At the same time international export markets; such as China, Russia, the United States, and Britain, have all showed large increases in demand. While some of the highly regarded, and better known grower/producers became established in the export Champagne marketplace, a natural and obvious occurrence has happened. The major Champagne houses have run short of supply of grapes. This is a dilemma, because only wines made from the Champagne region of France have the legal right to call themselves Champagne.

On March 14, 2008, the INAO (The Institut National des Appellations d'Origine)
the governing council for all A.O.C.'s (Appellation of Control) in France, approved an expansion of the region to neighboring villages. There is hot contention over which villages should be included in the expansion, for many reasons, but the largest reason is there is a lot of money at stake. For those land holders in the two zones, Zone de l'Elaboration and Zone de Production slotted to become part of the Champagne region; there is a financial gain of, in some cases up to 200 times the previous value of their land. For those areas nearby that are not selected, this is something worth fighting for.

Champagne, a region that has championed the concept of terroir, the combination of elements including soil, wind, sun, elevation, etc... that make a specific place unique, now has to explain the elements being similar in regions that were not within the borders of the Champagne previously.
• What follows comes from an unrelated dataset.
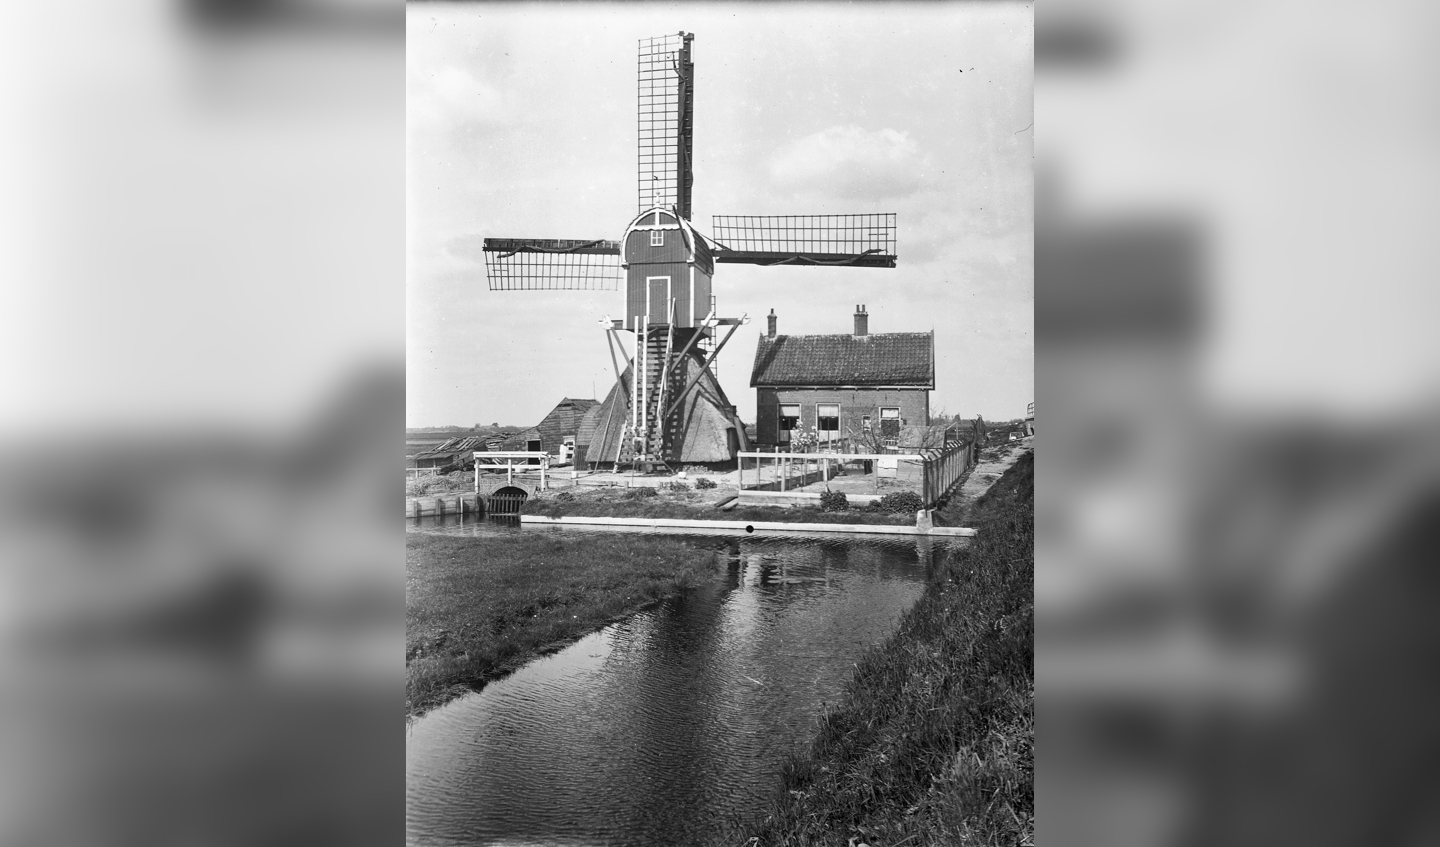 De fietstocht leidt langs de Munnikkenmolen die nu in de Munnikkenpolder staat. Op deze foto uit 1953 is de molen nog op zijn oude plek te zien, langs de Dwarswatering.

The INAO spent two years of research with a team that included a geologist, historian, geographer, agronomist, and a phytosociologist (Study of species of plant communities), to make their recommendations. Regional expert Tom Stevenson states in Wine Report 2009,

"There is now only one get-out clause available to the champenois: to demonstrate transparently that all proposed new vineyards are superior to the average-(not lowest-) level vineyards currently classified. All this can be achieved by the experts with little more than the data accumulated by Champagne's five-year zonage project. Classifying only superior land makes an infallible argument, because to deny such an expansion would be to condemn Champagne to an intrinsically inferior future potential. However, to set out the parameters of vineyard quality and to demonstrate their application transparently will inevitably result in the declassification of some of the poorest currently classified AOC land. This would entail scrapping the Echelle des Crus, which is nothing more than a defunct, politically biased shopping list, and replacing it with a Cote d'Or-style parcel by parcel classification, which Champagne deserves."

If Champagne heeds the advice of Mr. Stevenson, the region would actually shrink 12,000 hectares. So, with a booming export market, and a grower/ producer population that started as a trickle, and now represents approximately 4,000 of the 15,000 growers of Champagne; the politics, prices, marketing campaigns, and availability of product from this region will be of great interest.